Extinct genus of ants

Myanmyrma is an extinct genus of ants not placed into any Formicidae subfamily. Fossils of the single known species, Myanmyrma gracilis, are known from the Middle Cretaceous of Asia. The genus is one of several ants described from Middle Cretaceous ambers of Myanmar.

==History and classification==
Myanmyrma is known from three total adult fossils, the holotype, specimen number "AMNH Bu-014", and two additional fragmentary adults not designated as paratypes. At the time of the genus description, the three specimens were residing in the American Museum of Natural History, in New York City. All the described specimens are of worker caste adult females which have been preserved as inclusions in transparent chunks of Burmese amber. The amber specimen was recovered from deposits in Kachin State, 100 km west of Myitkyina in Myanmar. Burmese amber has been radiometrically dated using U-Pb isotopes, yielding an age of approximately 98.79 ± 0.62 million years old, close to the Aptian – Cenomanian boundary, in the earliest Cenomanian.

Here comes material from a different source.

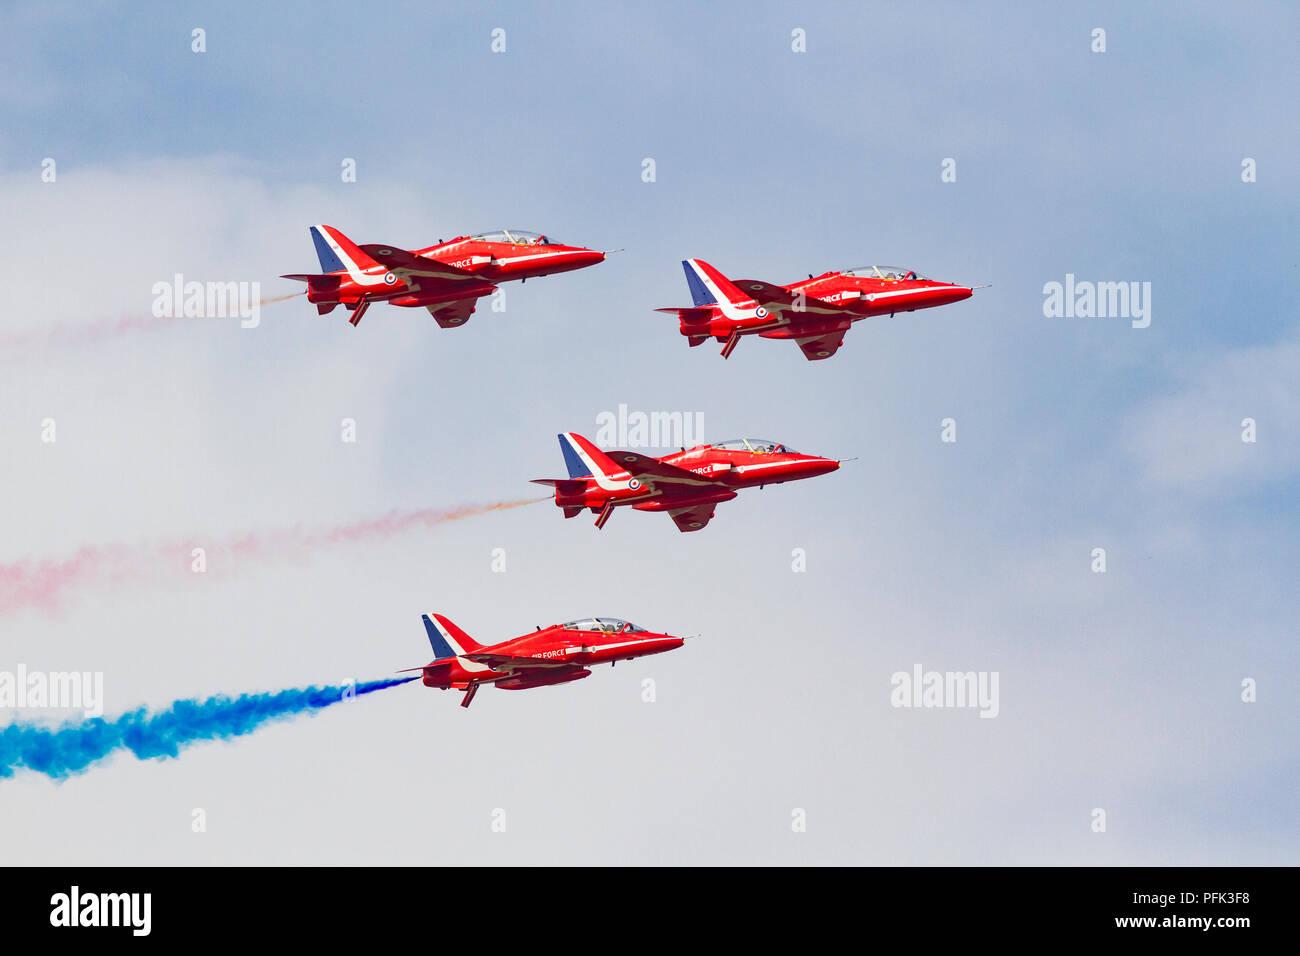 Royal Air Force Red Arrows aerobatic display team performing at Blackpool Air Show - Stock Image

The fossil was first studied by paleoentomologists Michael Engel and David Grimaldi, both of the American Museum of Natural History. Engel and Grimaldi's 2005 type description of the new genus and species was published in the journal American Museum Novitates. The genus name Myanmyrma was coined as a combination of the suffix "myrma" which is commonly used in ant genus names, and Myanmar, in recognition of the country of origin. The specific epithet gracilis was based from the Latin word "gracilis" meaning slender, a reference to the elongated nature of the legs and body. Myanmyrma is one of several ant genera described from Burmese amber the others being Burmomyrma, Haidomyrmex, Sphecomyrmodes, and Zigrasimecia.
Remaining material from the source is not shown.